= Kurt-Christian Stier =

German classical violinist

Kurt-Christian Stier (3 February 1926 – 31 July 2016) was a German violinist and concertmaster.

== Life ==
Born in Gütersloh, Stier, son of a pianist and piano teacher, had his first violin lesson at the age of seven. He studied for two years at the Niedersächsische Musikschule Braunschweig and was already at the age of 16 years a substitute in symphony concerts, in opera and operetta performances at the Staatstheater Braunschweig.

After wartime service, he returned from US captivity with serious illness. He studied at the Hochschule für Musik Detmold, where he passed his Abitur and the supplementary pedagogical examination, and at the Hochschule für Musik und Tanz Köln with Willibald Roth, Max Strub and Wilhelm Stross among others.

From 1952 to 1961, he was second violinist in the Stross Quartet and on many concert tours at home and abroad.

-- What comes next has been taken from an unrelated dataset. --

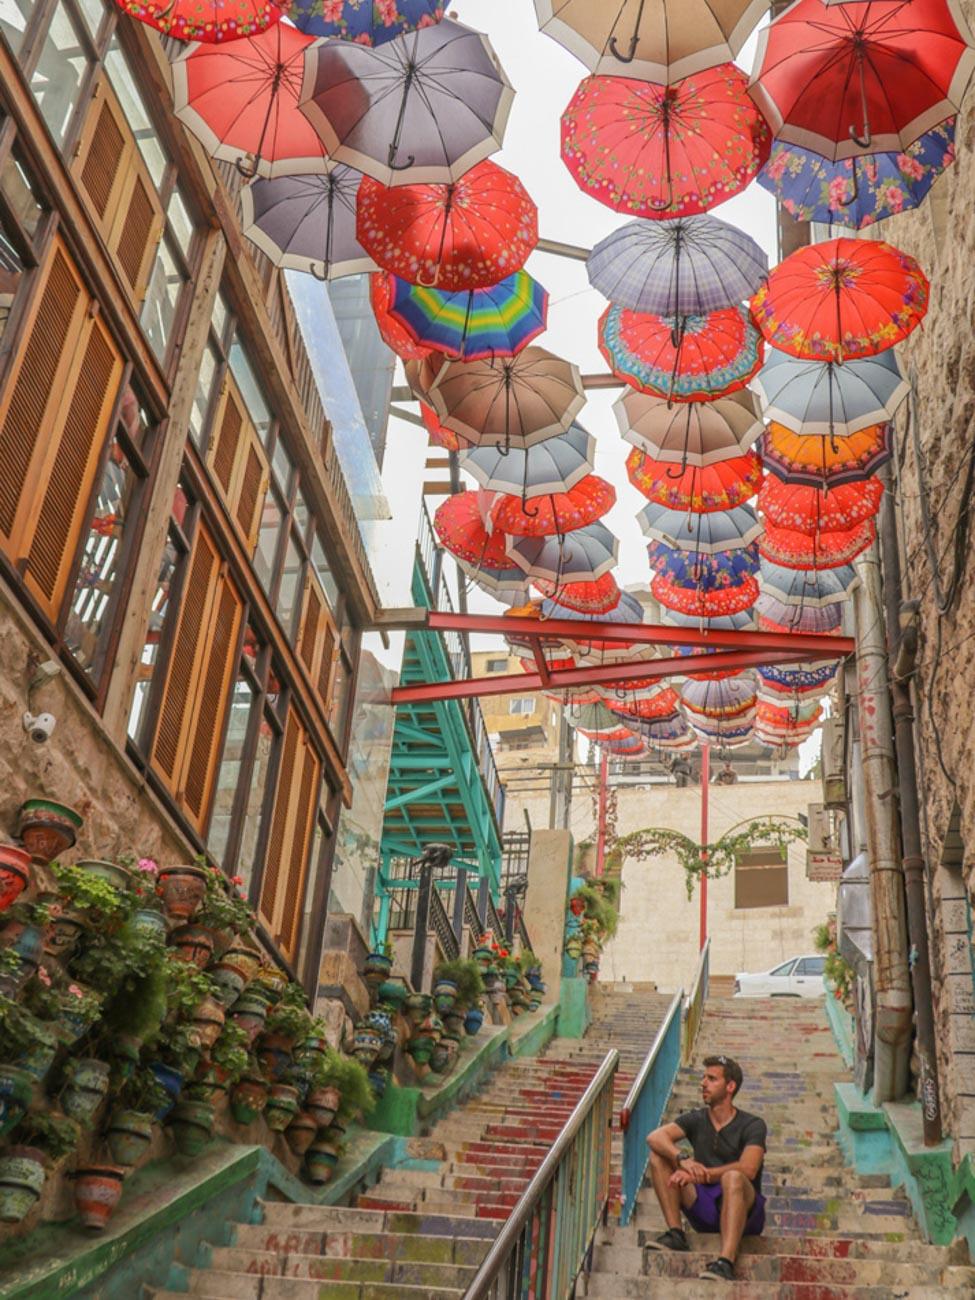 Umbrella in Amman - Jordan

In 1954, he came to Munich and was active in the Richter-Orchestra and the Münchener Bach-Chor. In 1958, he joined the Bavarian State Orchestra, where he was 1st violinist and from 1960, concert master under the conduct of Josef Keilberth. In Richter's Münchener Bach-Chor he was First Concertmaster for 25 years and gave concerts worldwide He also accompanied numerous solo musicians. He was co-founder and first violinist of the Munich String Quartet.

Since 1966, he had a teaching position at the Hochschule für Musik und Theater München, which appointed him professor for violin in 1975. He was also Vice-President of the later Hochschule für Musik München.

Stier was a long-standing member of the board of the Munich Tonkünstlerverband and its first chairman from 1983 to 1997. He was also chairman of the regional committee until 2004 Jugend musiziert.